*** Block opens ***

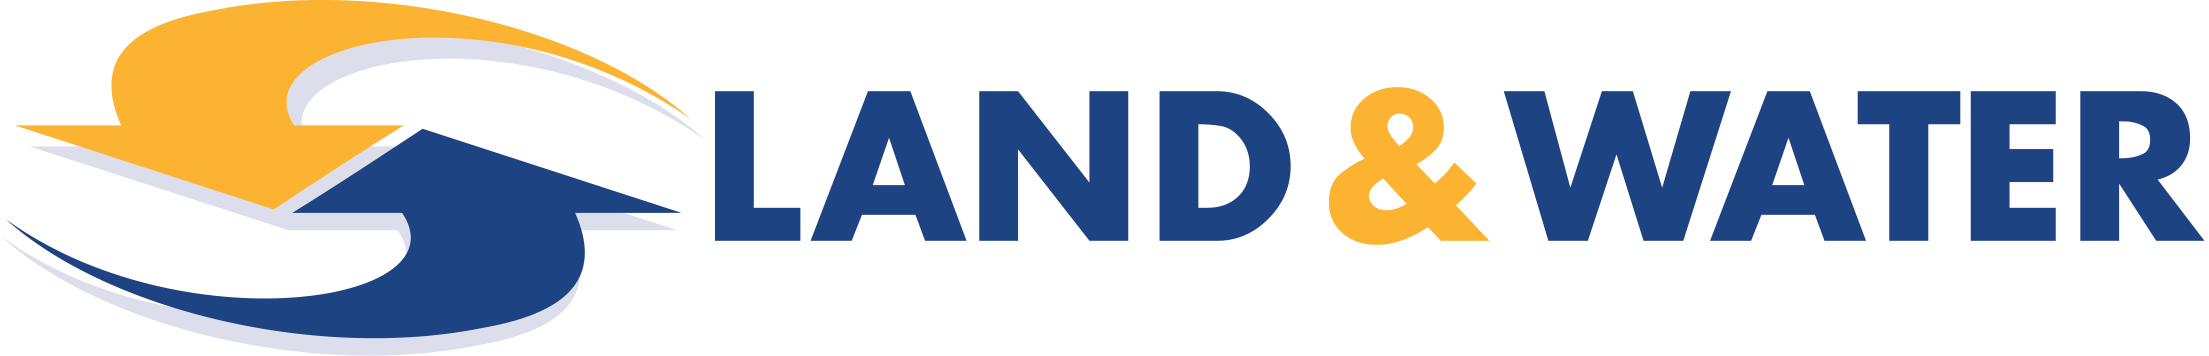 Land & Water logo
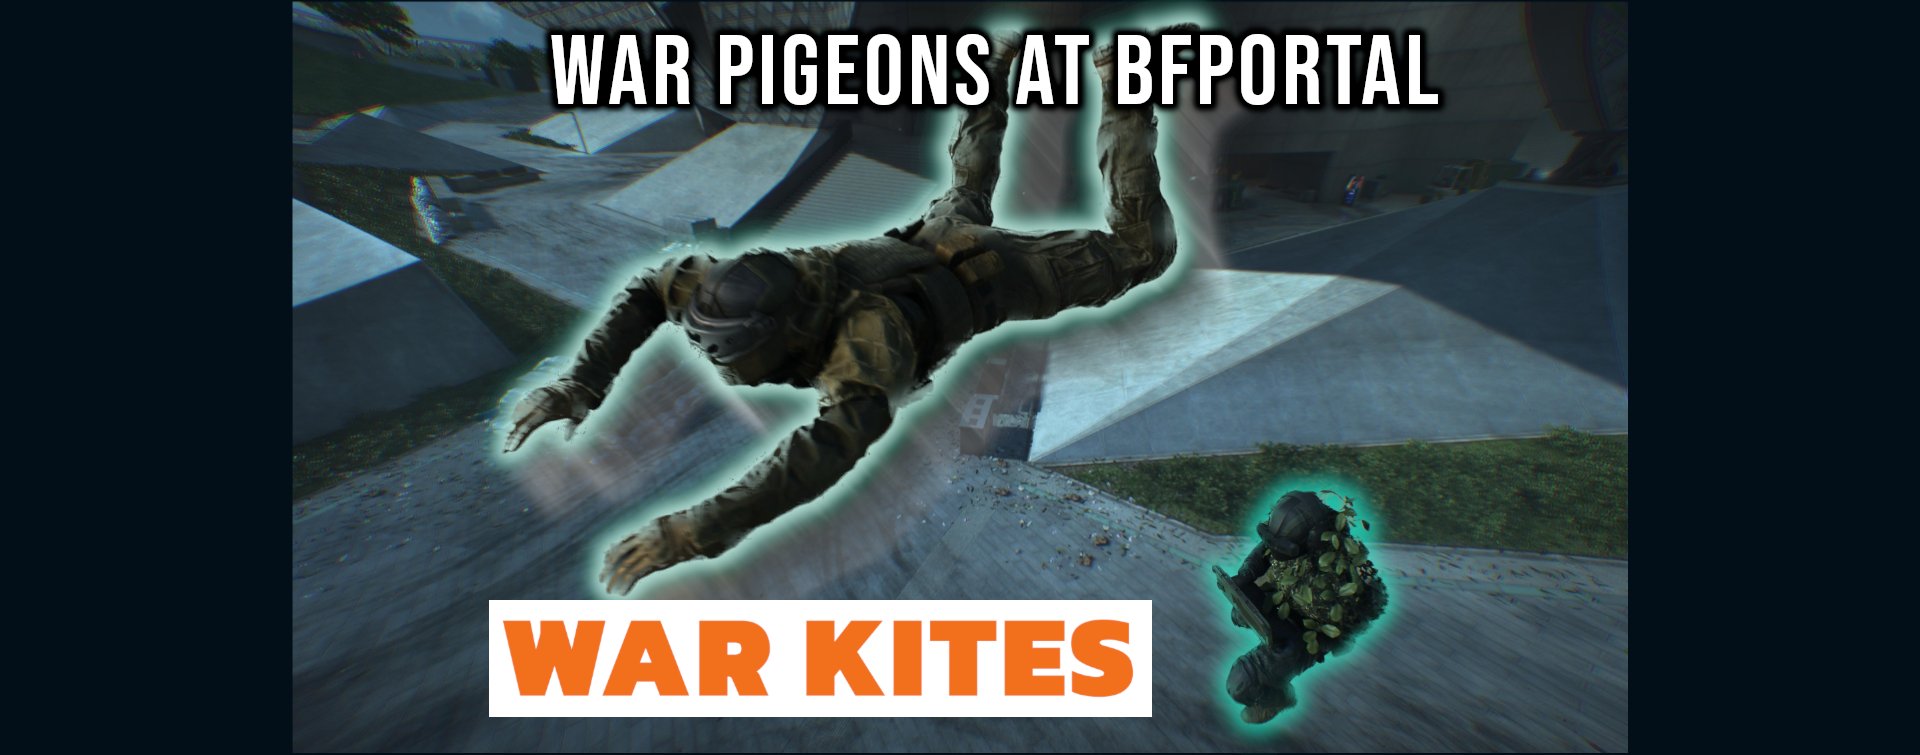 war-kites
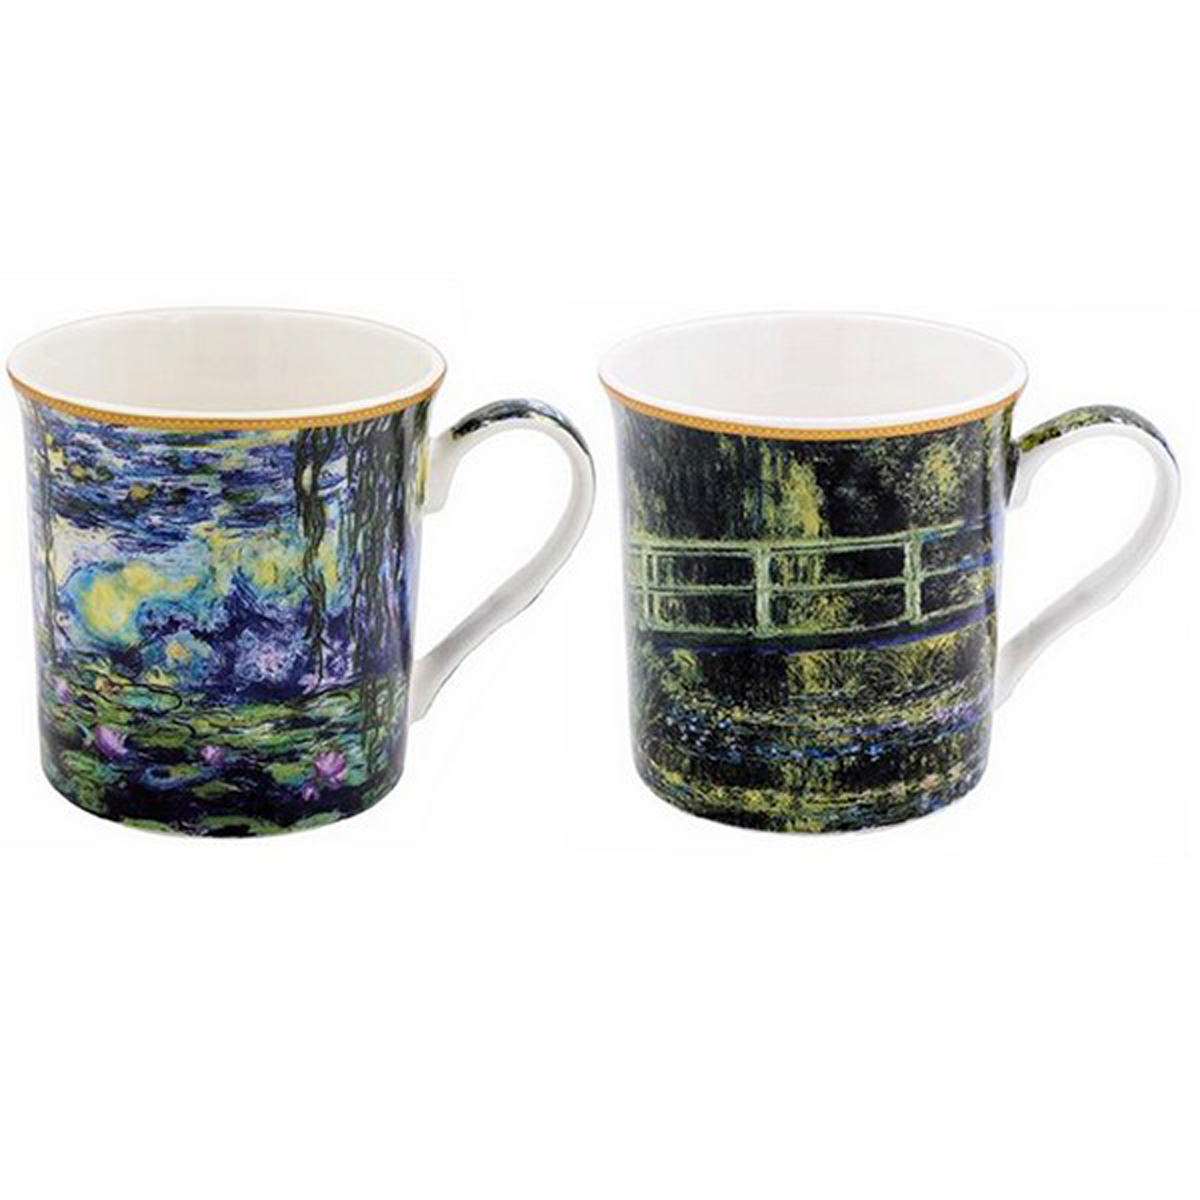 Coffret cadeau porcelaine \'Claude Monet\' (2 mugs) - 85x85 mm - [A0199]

*** Block closes ***
*** Block opens ***

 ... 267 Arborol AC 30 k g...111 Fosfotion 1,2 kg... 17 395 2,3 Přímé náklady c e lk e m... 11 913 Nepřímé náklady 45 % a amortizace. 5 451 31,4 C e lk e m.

*** Block closes ***
*** Block opens ***

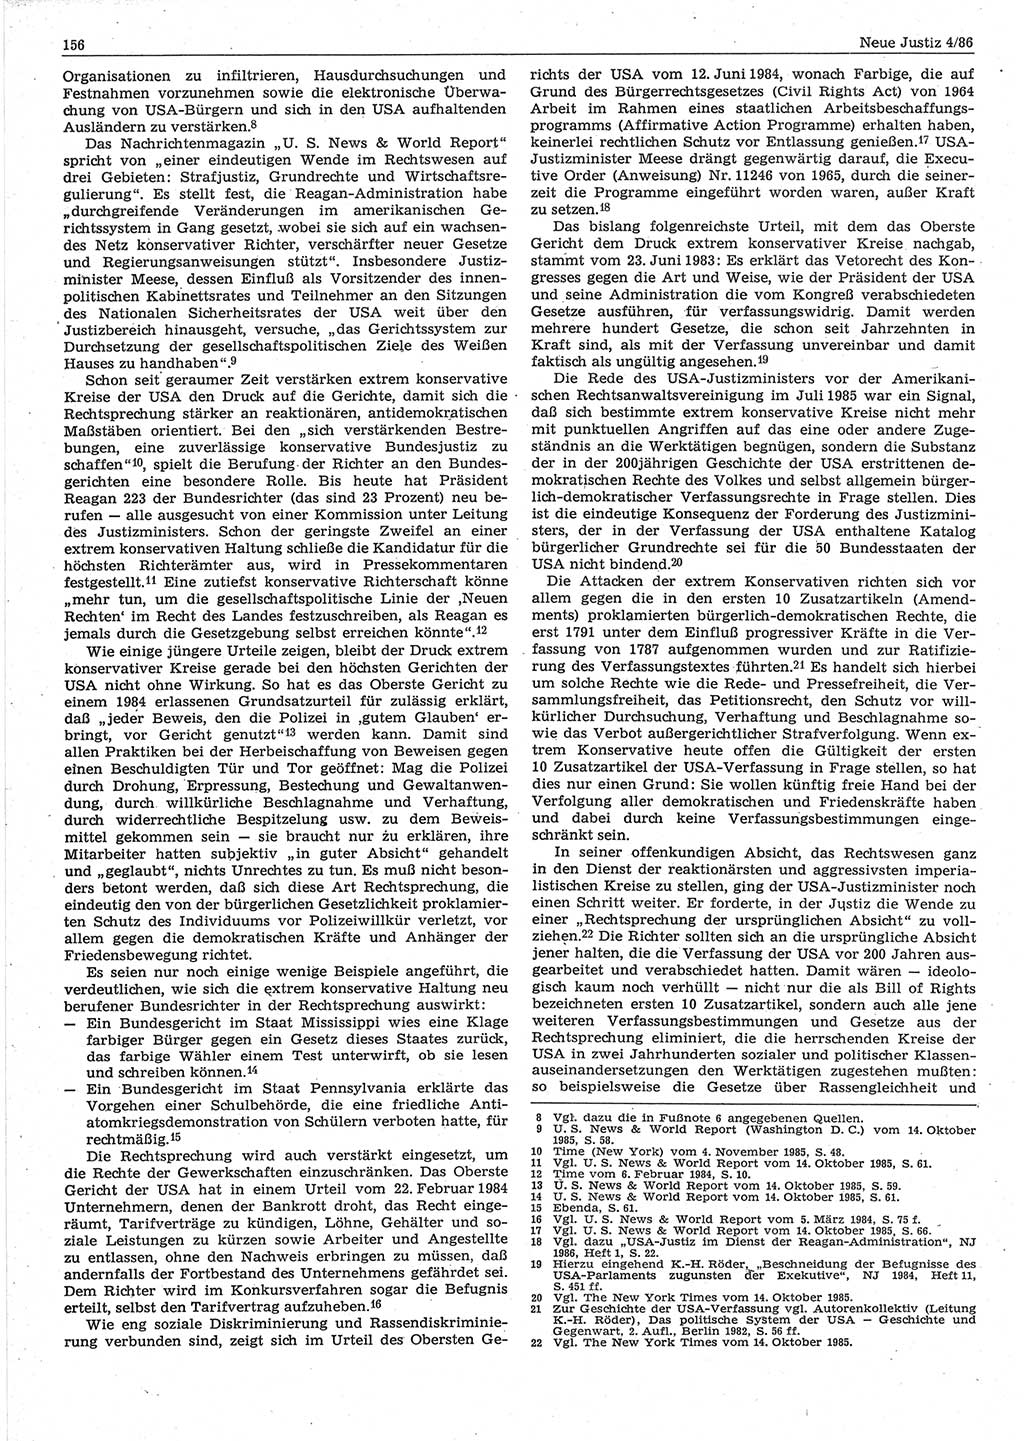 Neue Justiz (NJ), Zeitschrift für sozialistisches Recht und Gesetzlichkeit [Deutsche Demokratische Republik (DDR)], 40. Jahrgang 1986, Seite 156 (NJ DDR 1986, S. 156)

*** Block closes ***

What you are asked to do
Start with the line with "Land & Water logo" in the listing above and stop after the line with "Coffret cadeau porcelaine". Write out exactly the lines in that stretch and no others, without pictures.

Output for this exercise
 Land & Water logo
 war-kites
 Coffret cadeau porcelaine \'Claude Monet\' (2 mugs) - 85x85 mm - [A0199]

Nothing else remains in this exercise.